351 An important group of subclasses is \ref stream_message_handlert and
352 its subtypes, which direct messages to an output stream
353 (`std::cout` & `std::cerr`, `std::clog` is not used). In particular,
354 messages of verbosity level less than 3 are directed to `std::cerr`,
355 while others go to `std::cout` (this may change, but you should be
356 aware that not all messages are necessarily directed to only
357 `std::cout` or `std::cerr`).
358 Another key \ref message_handlert subclass is
359 ui_message_handlert - which provides output in plain text,
360 json or xml formats.
361 
362 \subsubsection CProver-legacy-output CProver legacy output
363 Although all output should use the messaging interface - there are a
364 few locations where this is not yet implemented. These should
365 _not_ be extended - but it may be helpful to be aware of where this happens.
366 
367 * Output from invariants / exceptions
368 
369  Invariants output to `std::cerr` - and provide a backtrace and optionally
370  some diagnostic information.
371  For more information on invariants, see `invariant.h`
372 
373  Exceptions have a standard `what()` interface.
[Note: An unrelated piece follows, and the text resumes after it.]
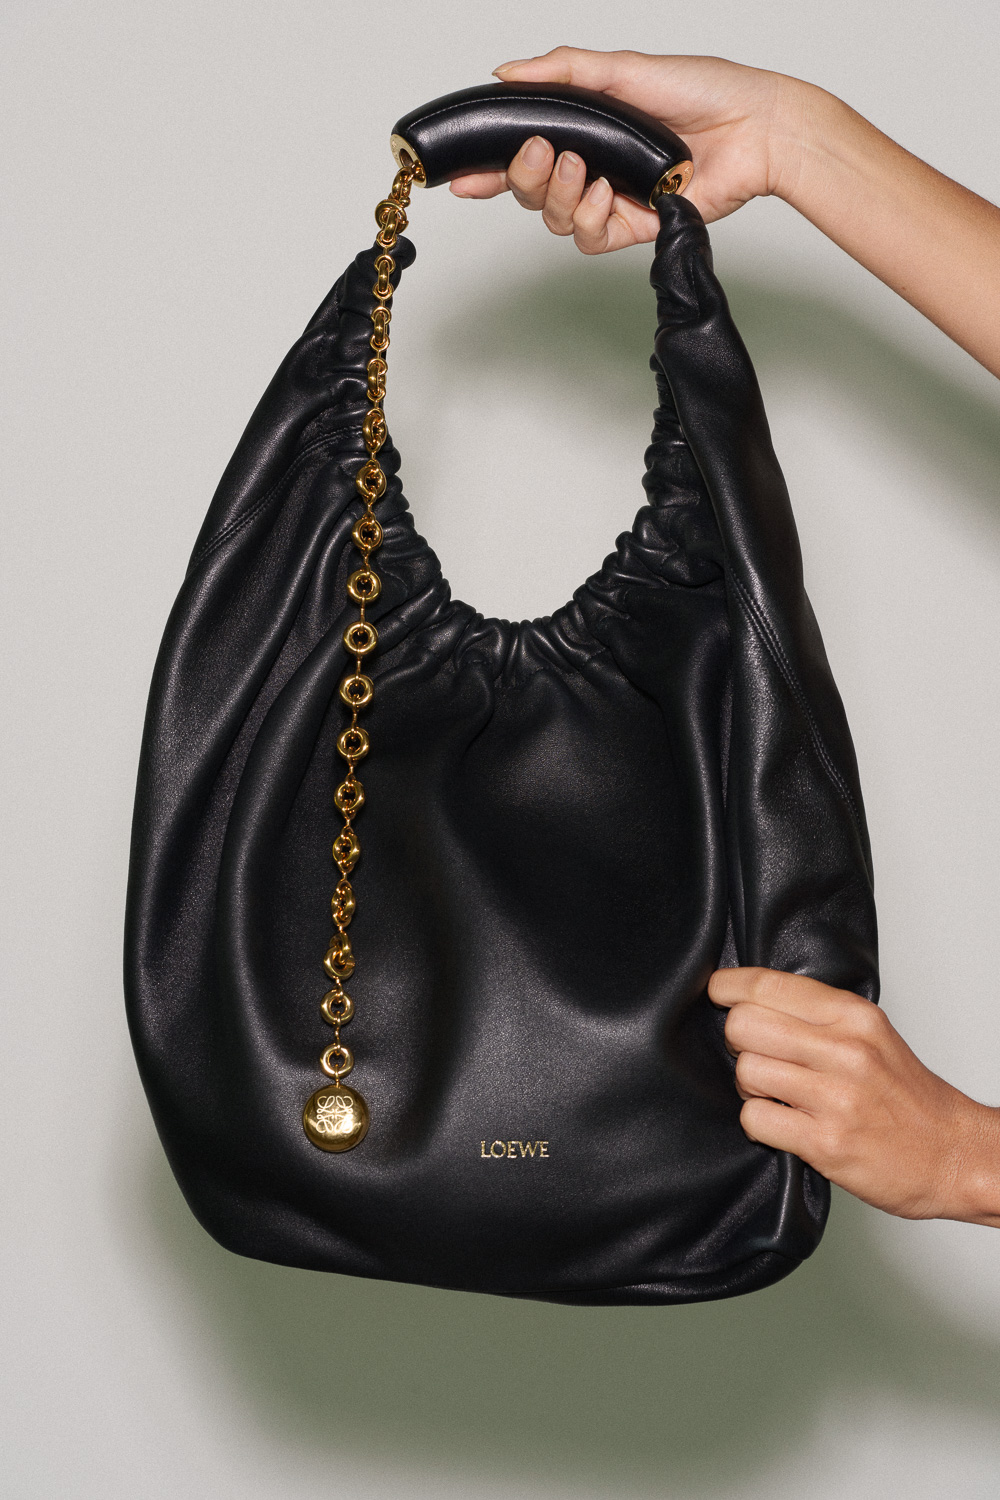 LOEWE Black Leather Shoulder Bag - Purchased in Japan

374  Best current practice for exceptions is for the output of `what()` to be
375  routed via a message with verbosity level 1 (as returned by
376  `messaget::error()`). The message is then processed by a message_handler.
377  Where plain text output (versus json or xml output) is
378  chosen, exceptions print (indirectly) to `std::cerr`. Json and xml
379  output always goes to `std::cout`. There are still a few locations where
380  exceptions print directly to std::cerr. These should _not_ be extended.
381  More information on exceptions can be found in `exception_utils.h`.
382 
383 * Direct output via `std::cout` & `std::cerr`
384 
385  These are in the process of being removed - no new output should go
386  via `std::cout` or `std::cerr`, but should instead use the
387  \ref messaget and \ref message_handlert infrastructure.